Ce fut un soir pénible pour l'ex-champion de France. Appliqué en tout début de match, il a constaté, le plus clair du temps, la supériorité collective du PSG et, chez lui, un inhabituel déchet technique. Dans leur composition d'équipe, les deux coaches avaient anticipé une grosse bataille au milieu. Venu en 4-3-3, Lyon voulait verrouiller avec trois milieux défensifs. Réorganisé dans un 4-2-3-1 faisant une place à Jallet, le PSG a insisté sur ses points forts de l'année : récupération efficace et explosion vers le but.

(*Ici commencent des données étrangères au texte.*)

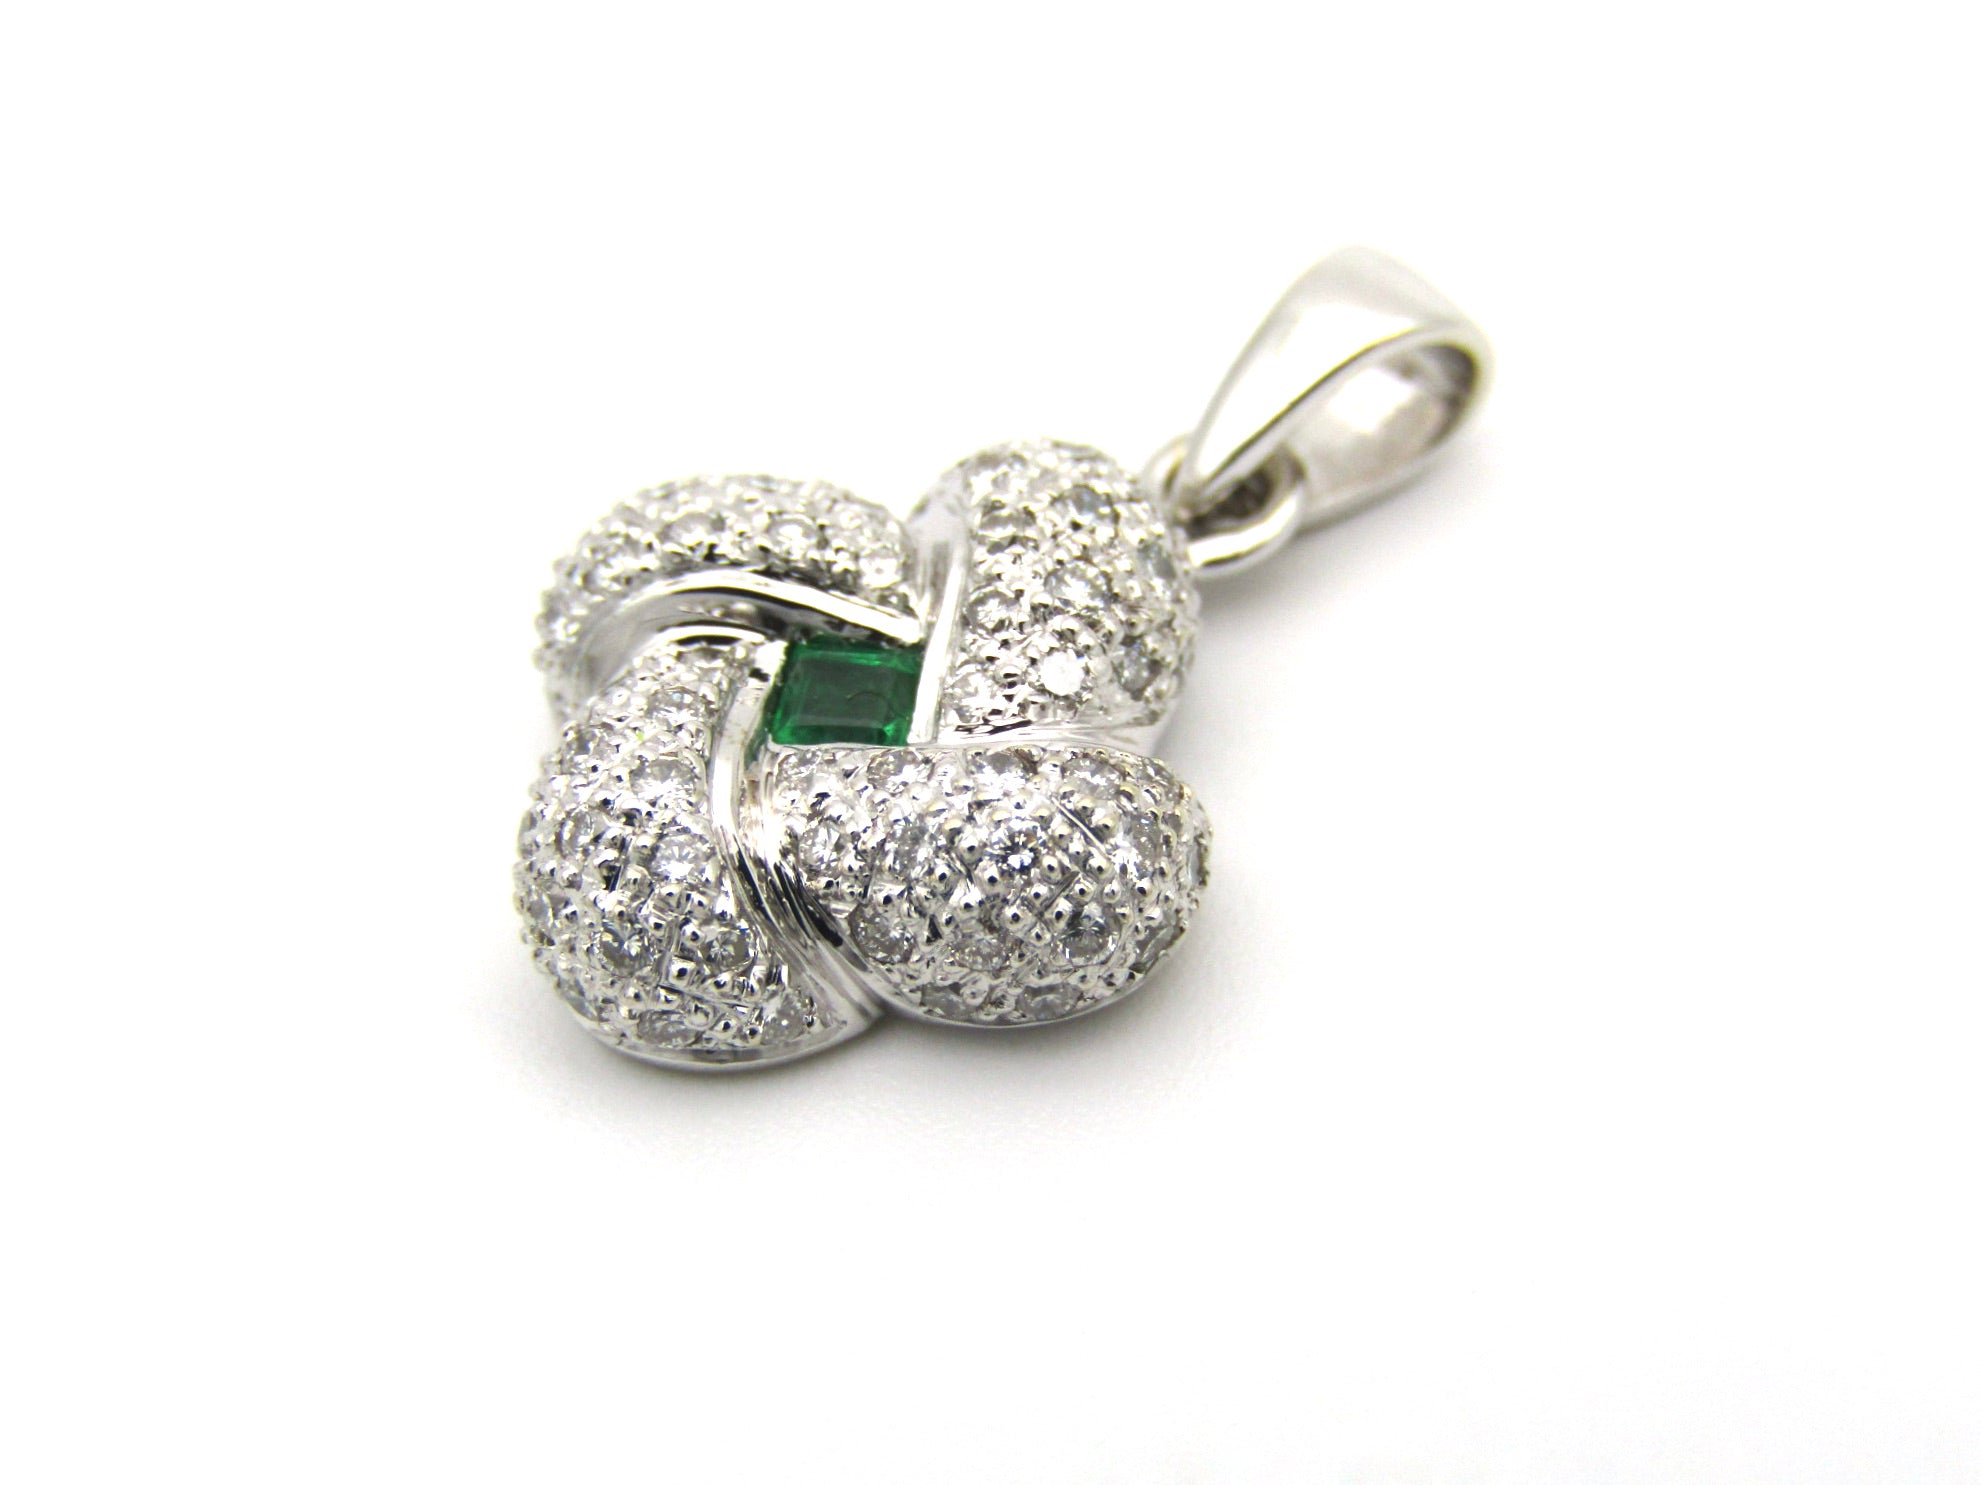 18K gold emerald and diamond pendant.

Il a gagné cette bataille, grâce à son organisation rigoureuse, des duels bien négociés, et une paire Makelele - Clément plus complémentaire que jamais. Lyon, en égarant beaucoup de ballons et en donnant à Lisandro un aperçu de la solitude ressentie par Benzema l'année dernière, plongea petit à petit dans l'impuissance. Une saynète qui en dit long sur les limites lyonnaises d'un soir : à la 55e, Bodmer insiste au près de Lloris pour qu'il joue court un dégagement aux six-mètres. L'air de dire : «On a déjà assez balancé ce soir».
Paris encore trop naïf sur la fin
Finalement, Paris, qui avait trouvé l'ouverture à la 29e grâce à Giuly, son meilleur réalisateur cette saison (3 buts), peut s'en vouloir d'avoir autocensuré sa supériorité. Il n'a pas cru qu'il pouvait être le plus fort pendant toute la durée du match. La sortie de Giuly (65e) pour ajouter un troisième récupérateur (Chantôme) avait quelque chose d'énigmatique vu l'activité du premier, et le consentement implicite que cela entraînait face à la poussée lyonnaise (entrées de Gomis puis Pjanis puis Ederson). Puni pour avoir trop attaqué à Monaco (0-2) il y a une semaine, Paris l'a été pour avoir accepté de défendre sa petite marge cette fois-ci (1-1). Cela s'appelle l'apprentissage.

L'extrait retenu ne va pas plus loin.